RESIDENTS living around Mt Cooroy are horrified that the spectre of former Noosa high flyer Phillip Harding's party nights at his hillside studio may be coming back to haunt them.
Only this time on a regular basis as part of a commercial venture catering for people with a head for heights.
Last week more than 40 people banded together to fight an application by a new owner of the Lukes Rd property, to operate a commercial function centre in a landscape they believe is more suited to mountain goats rather than "tipsy" wedding guests.
In 2006 Mr Harding, who developed Noosa Blue resort on Noosa Hill, stirred up a hornet's nest of local protest when he built the Noosa Council-approved studio at Mt Cooroy.
At the time the facility was listed on the Noosa Blue website as being able to accommodate a sit-down meal for a 100 guests.
Neighbours said before his commercial fall, which saw the Mt Cooroy property sold by receivers to the Breona Pty Ltd Atf Amies Investment Trust, Mr Harding held several functions at the studio.
According to Paul and Adrienne Prentice, who are again leading the fighting to preserve their rural tranquillity, one Harding function included fireworks, loud music and a laser light show.

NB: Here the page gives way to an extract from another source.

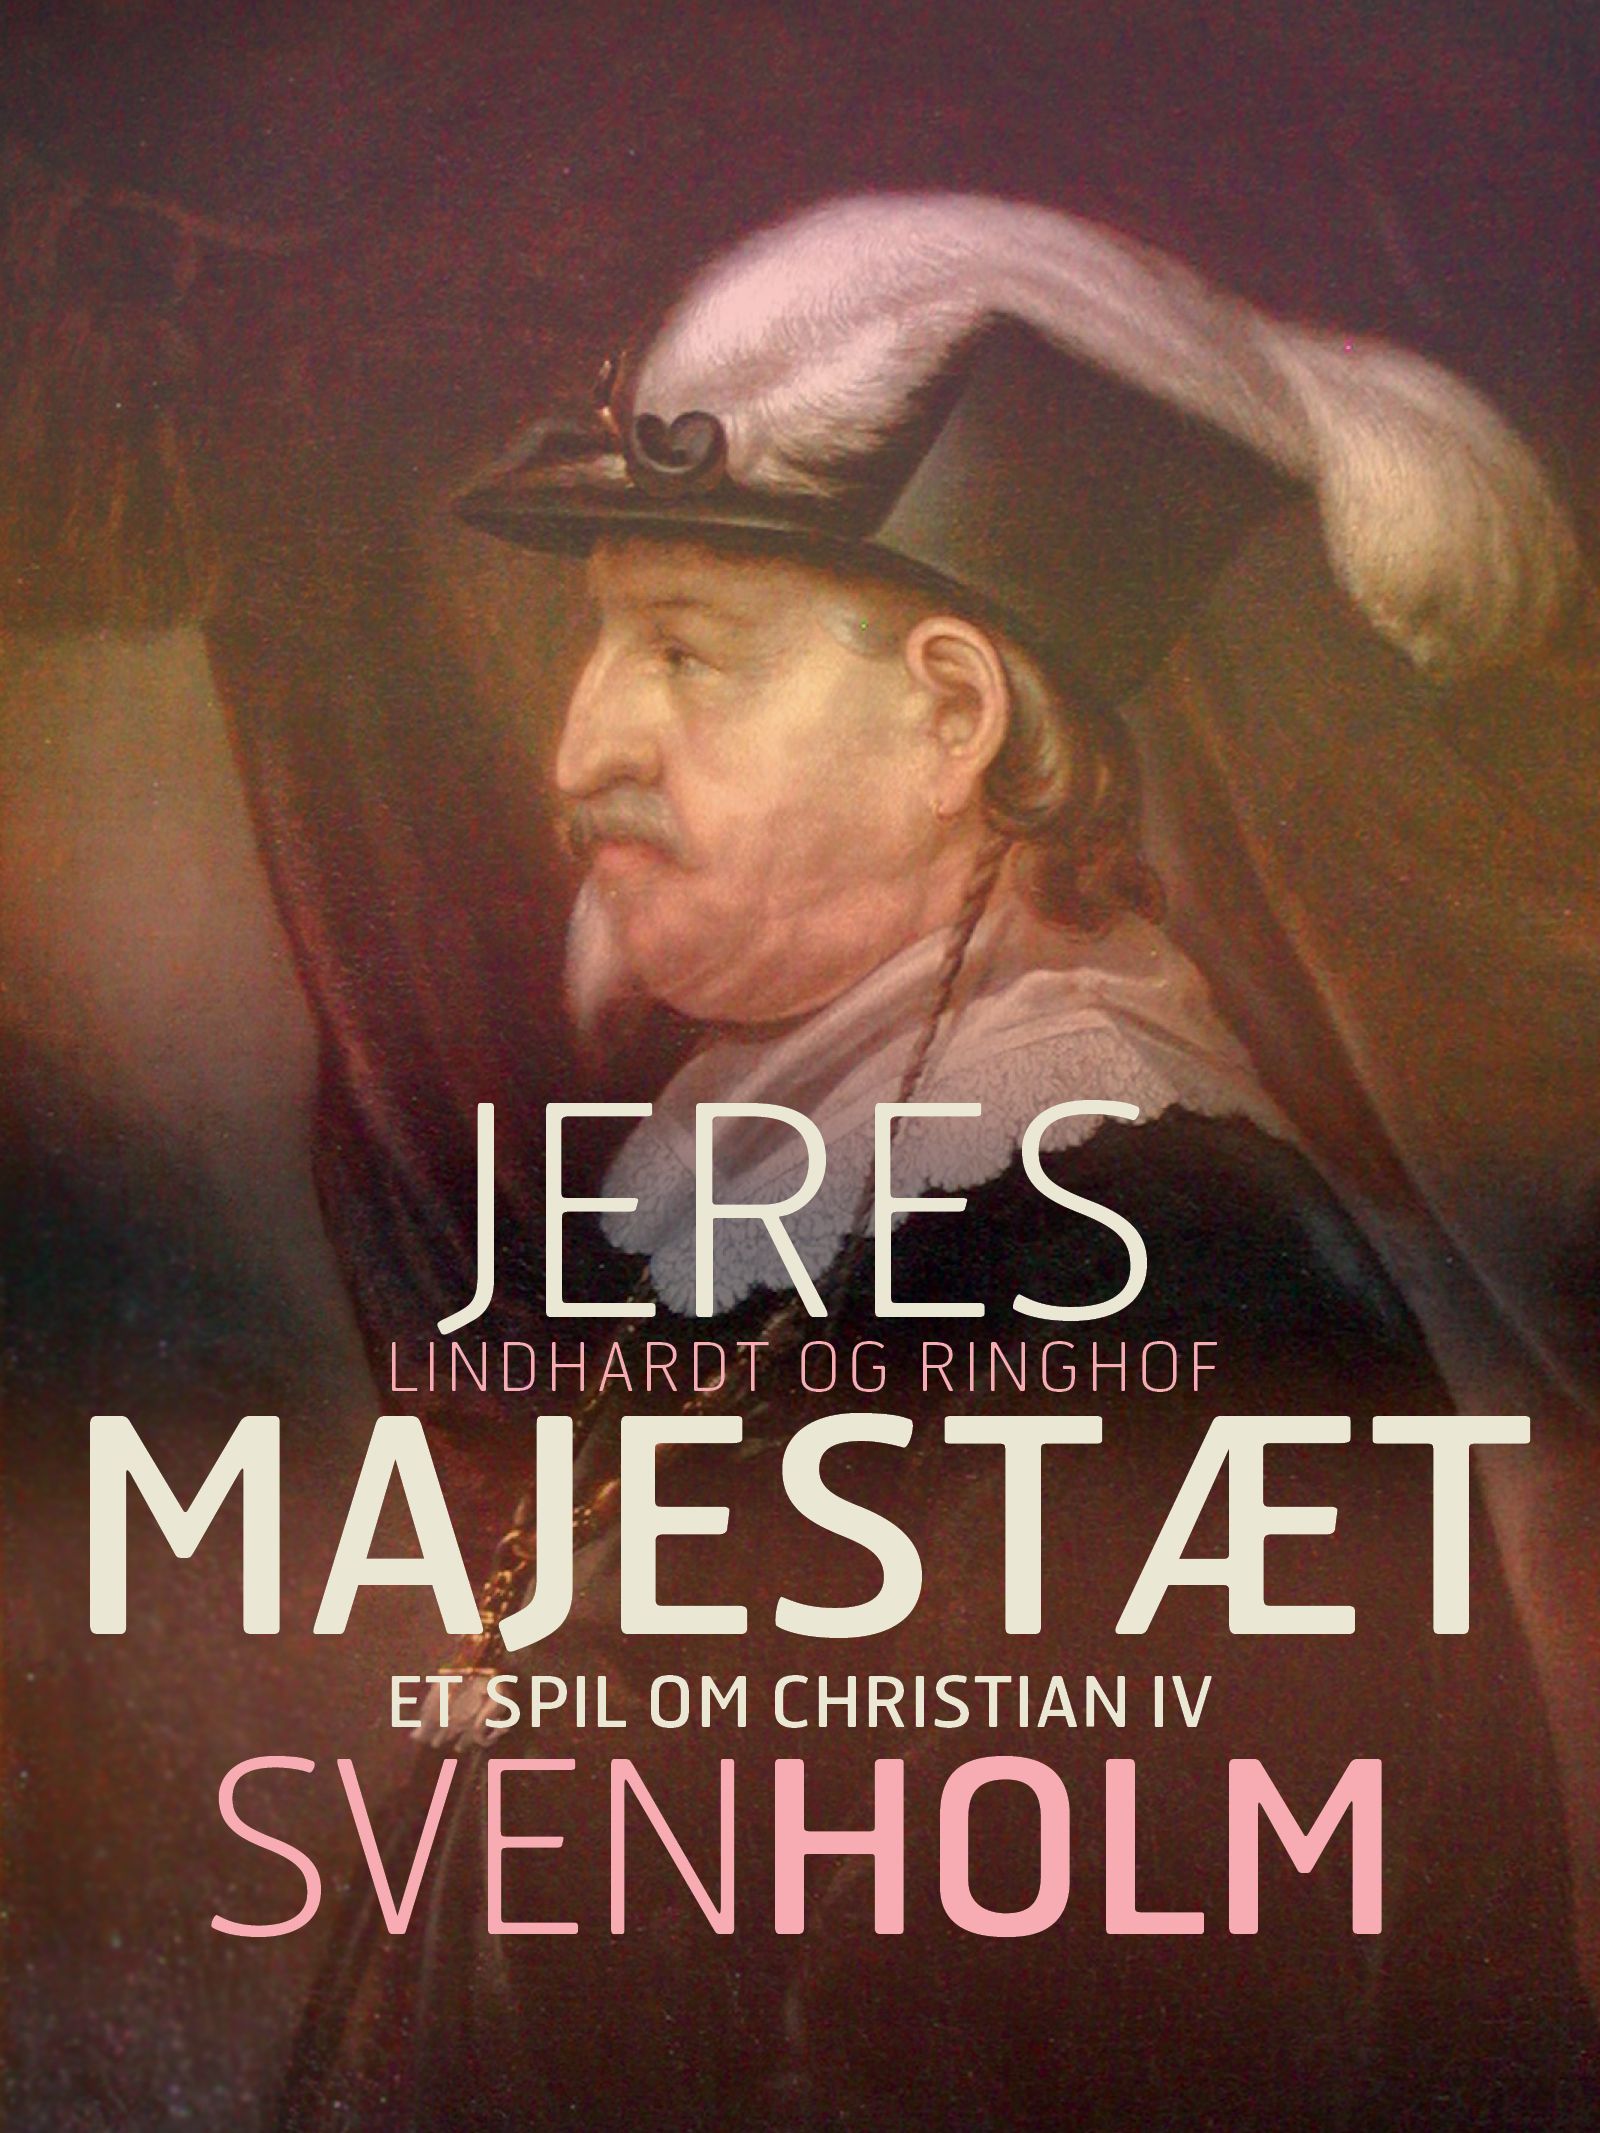 Jeres majestæt, e-bog af Sven Holm
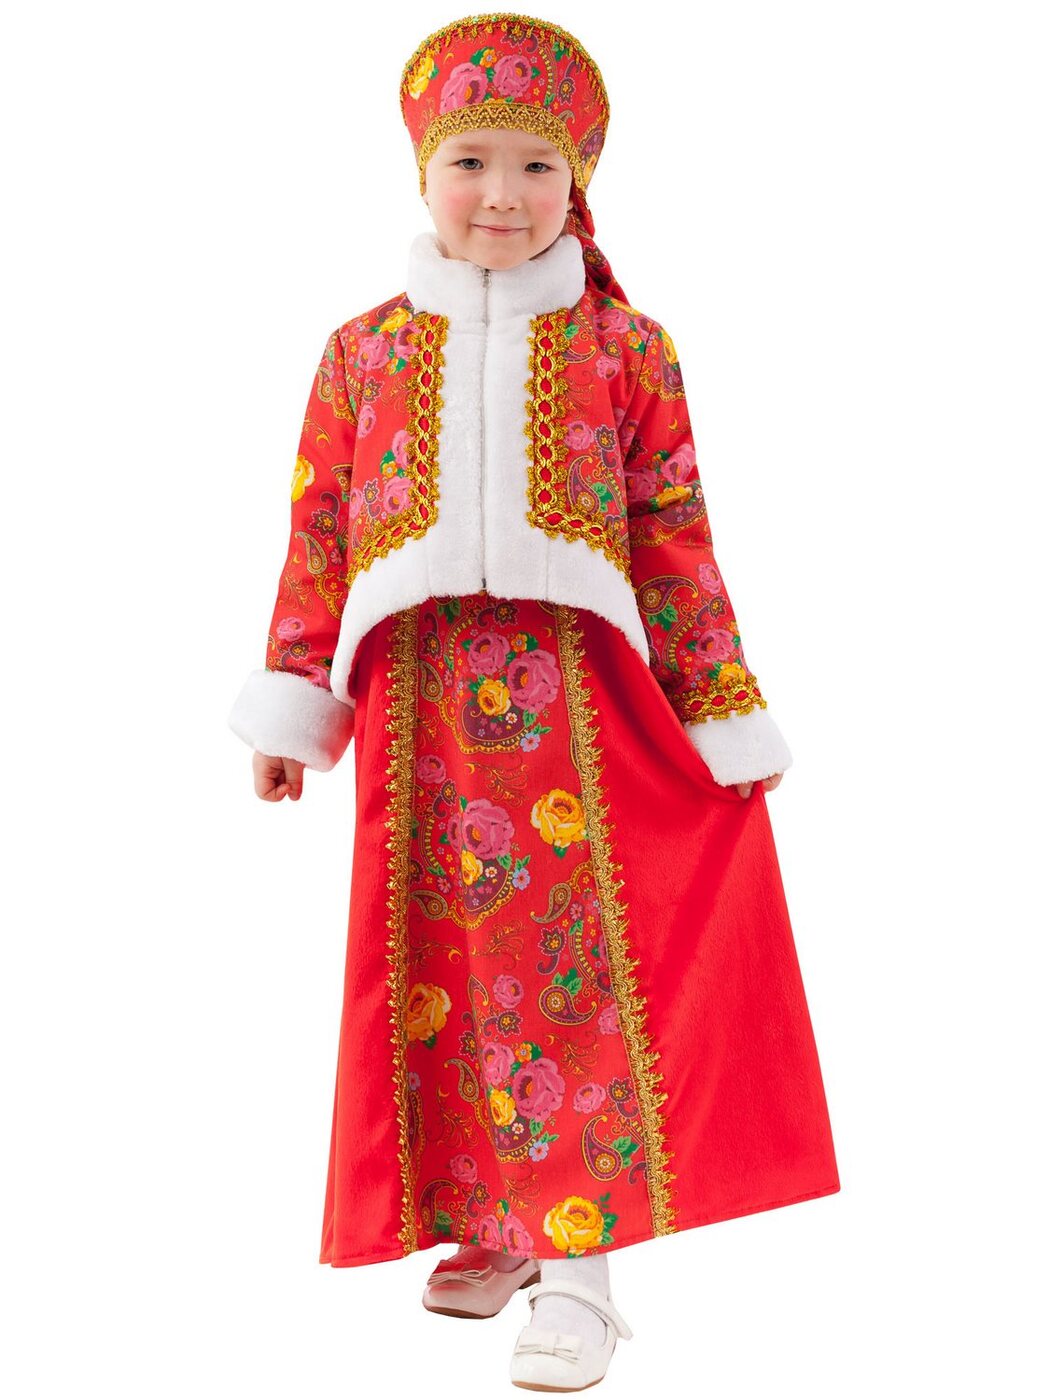 Одежда на масленицу для детей. Костюм Масленицы. Дети в национальных костюмах. Русские народные костюмы детские. Костюм на Масленицу для девочки.

The Prentices says the racket frightened the local dogs and horses and helped fire up a protest petition to council signed by 222 people seeking a ban on any commercial operations on site.
On October 30 this year, Breona advertised its proposed development for a function centre to operate at the site seven days a week until 8pm with public submissions closing on December 11 before the matter goes before council.
"Many residents from all four sides of Mt Cooroy are distinctly alarmed by the prospect of noise intrusion of their much-loved rural amenity especially from loud bands playing at weddings and celebration parties," Mr Prentice said.
"Residents on the north flanks of the mountain are concerned at the prospect of substantially increased traffic along Cooroy Mountain Rd and Dath Henderson Rd.
"Another serious concern is that the final climb to the studio is by way of an extremely steep, narrow incline with tight switch-backs, which may prove an access problem for emergency services such as ambulances, police and fire brigade. This also represents a real danger for tipsy guests."